I'm investigating an issue with relatively slow failover (manual).
We have: 3 MSSQL Servers 2012 with AlwaysOn setup. All servers (including domain controller and DNS) are next to each other and connected with 1 Gb network speed.
We also have an availability group listener set up with 2 IPs: 10.10.10.17 (in domain network) and 192.168.2.156 (local network), thus all SQL servers have 2 IPs.
In our busy environment SQL failover takes in average 30 sec (sometimes it is 10 sec, sometimes it is 1 min). During this time database is unavailable and it throws an immediate exception saying that data base is resolving or not in a right state. It is
unacceptable for us to be even 5 sec down as we process a lot of transactions via our API from our clients. And to have this type of exception is kinda really bad for business.
So, right after failover from SQL1 to SQL3 I captured logs: Get-ClusterLog –Node SQL3 –TimeSpan 15
Here are some results (a complete failover took about 12 seconds):
2014/02/18-20:36:47.790 INFO [RCM] move of group IPSStorage HA from SQL1(3) to SQL3(2) of type MoveType::Manual is about to succeed
<skip>
2014/02/18-20:36:50.994 INFO [RES] Network Name <IPSStorage HA_IPSSTORAGEHA>: Getting Read/Write private properties
2014/02/18-20:36:52.775 INFO [RCM] rcm::RcmApi::OnlineResource: (IPSStorage HA, 0)

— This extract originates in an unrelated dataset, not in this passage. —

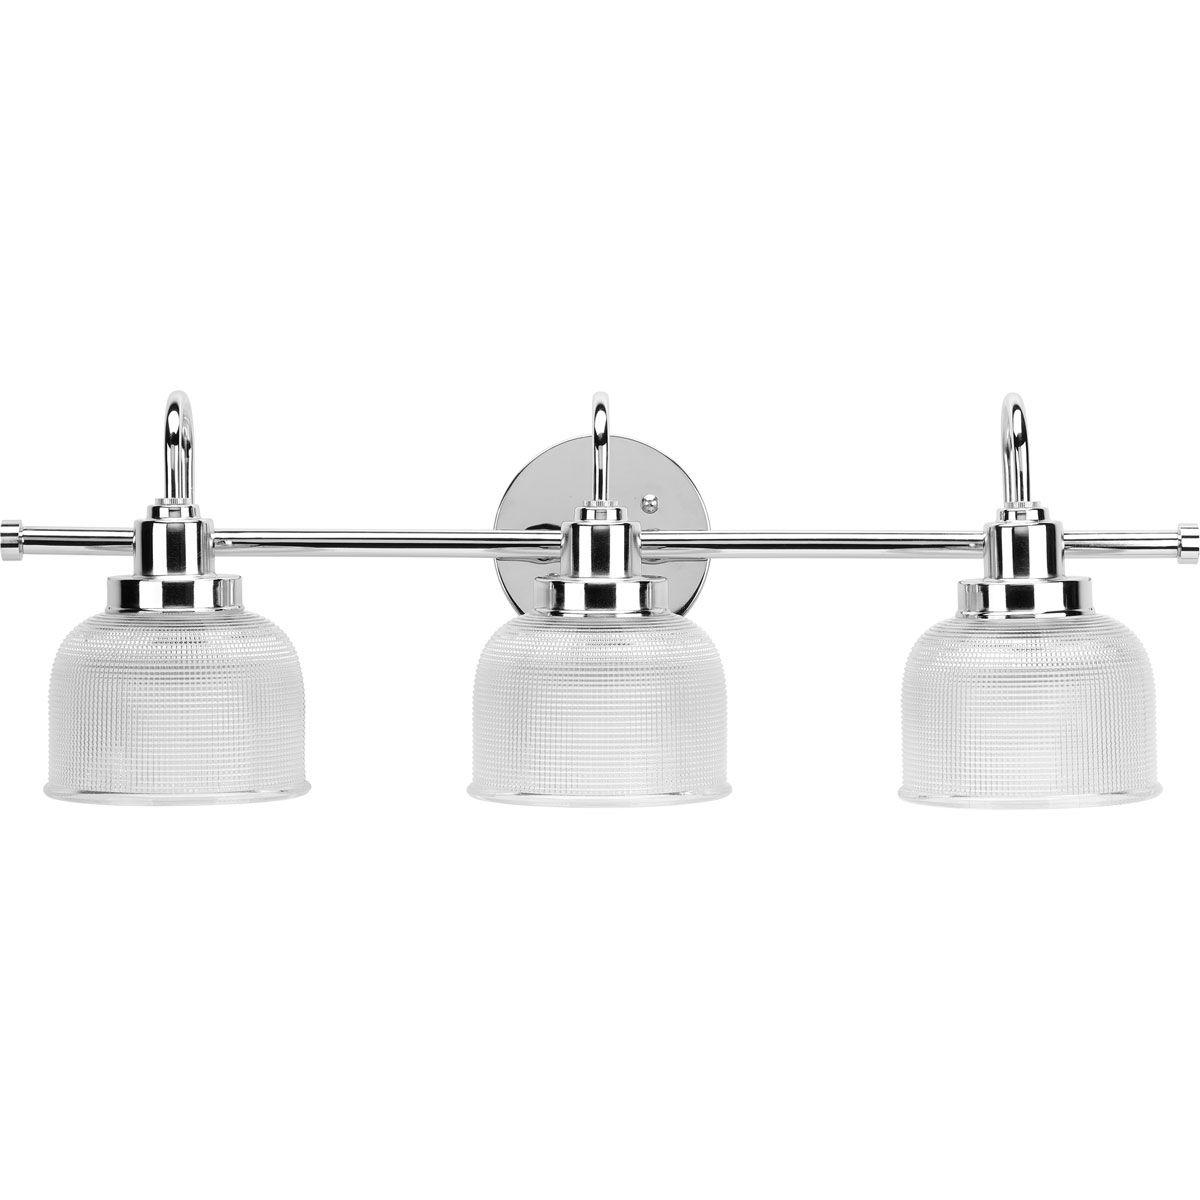 Miseno MLITBN Brushed Nickel Bella Light Bathroom Vanity - Brass bathroom vanity light fixtures

2014/02/18-20:36:53.993 INFO [RES] Network Name: [NNLIB] Registered server name IPSSTORAGEHA on transport \Device\NetBt_If2
2014/02/18-20:36:57.022 INFO [RES] Network Name: [NNLIB] Registered workstation name IPSSTORAGEHA, on transport \Device\NetBt_If2
Just to register names it took in total 10 sec (57sec - 47 sec). Any idea why it took so long? Or maybe is there anything we can make AlwaysOn to be true always on without interruptions?
Thank you for your support!
Dima
Dima